While perusing the men’s clothing lines, I came across a small Billy Reid placement, one of my absolute favorite brands. The classically southern line created by Mr. Reid features timeless looks bringing to mind those worn by New Orleans or Charleston businessmen or as Wikipedia describes “lo-fi southern-bred luxury.” As I was browsing, a Bloomingdale’s associate named Nick Bograd introduced himself. A seasoned professional, Mr. Bograd walked me through the line and before I knew it I had a couple new suits, including a sleek new summer suit.
Several of the items needed alterations so I returned after our meeting to have them fitted. Mr. Bograd arranged a tailor to stop by and let me know they would be ready in a few days. Since I was scheduled to be back in the city in a couple weeks, I asked if the items could just be held to save shipping costs (I’m cheap). Within a couple hours, I received an email from Mr. Bograd thanking me for my business. I had a superior purchase experience but pretty standard expectations for a retailer of Bloomingdale’s class.
A few weeks later, I received a text from Nick letting me know about a great sale and he mentioned some shoes I had considered. I was impressed! Since I had visited the store, I had received several emails about sales and offers which I deleted as I do most email traffic. I would most likely have unsubscribed at some point, I just hadn’t done it at this point. The personal text was interesting, however. I texted back and asked if he could snap a couple pictures to make sure we found the right pair and if there were any other interesting styles he recommended.

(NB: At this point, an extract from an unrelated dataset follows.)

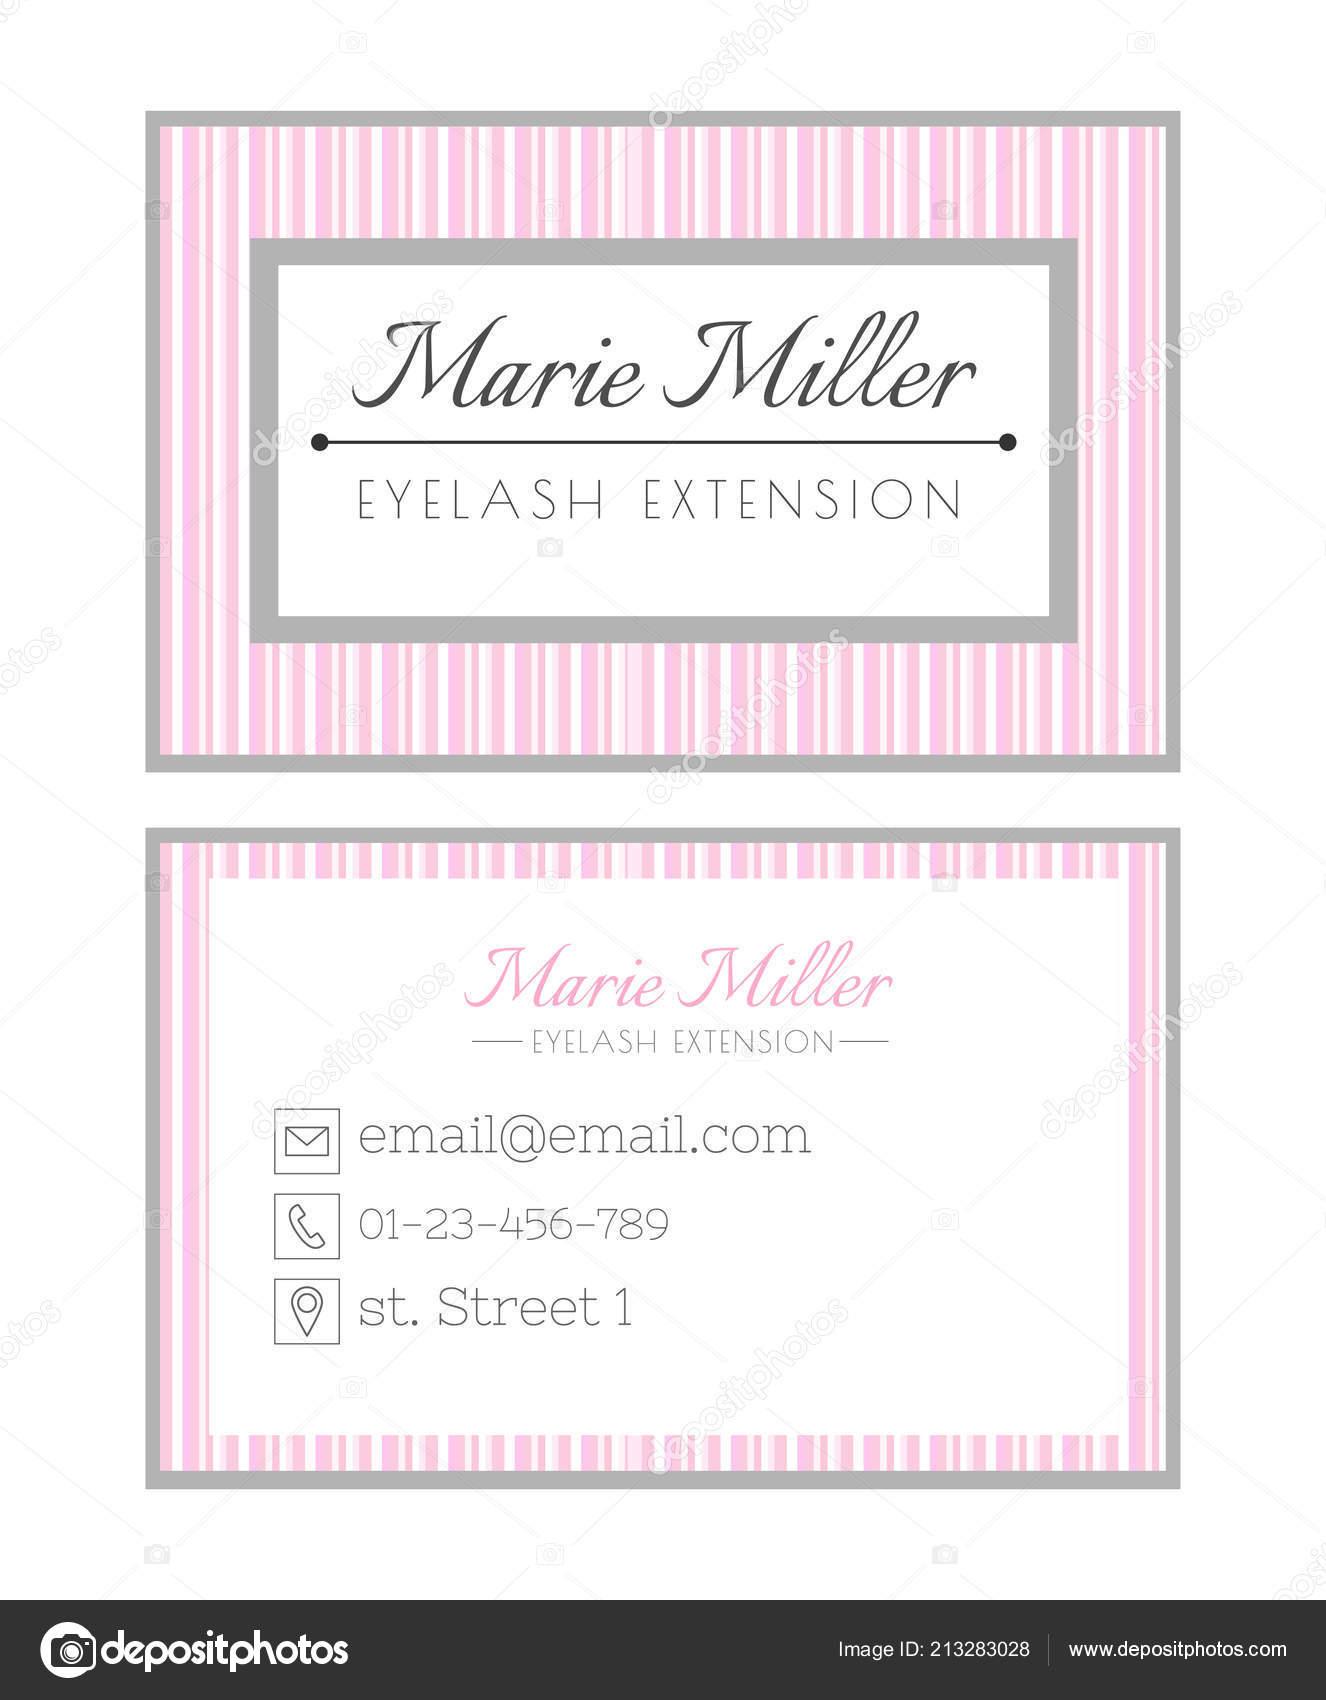 Visitenkarten Vorlage Design Für Beauty Salon

Over the next couple days, we exchanged multiple texts and finally decided on a couple pairs that worked. Again, Mr. Bograd was able to simply hold the shoes until I could pick them up on a business trip. This entire exchange has caused me to think much more about fragmenting channels.

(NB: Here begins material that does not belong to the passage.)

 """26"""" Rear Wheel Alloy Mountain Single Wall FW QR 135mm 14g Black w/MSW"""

A few weeks earlier I had managed some car services via text with Denny from Jackie Cooper, since the service technician couldn’t get responses via email and voice message. Marketers must begin to consider how customers want to engage with brands they love. I can assure you, it’s not from a incessant stream of deals and offers.
In my own communications, I am now denoting client communication preferences. Those who will never answer an email, will return a text or a Twitter DM in a second. How can I become a better communicator and make their interactions with me better, easier and more personal? I think this fragmentation will accelerate.
I still prefer a phone call, or even better, breaking bread. Let’s grab a beer soon Nick.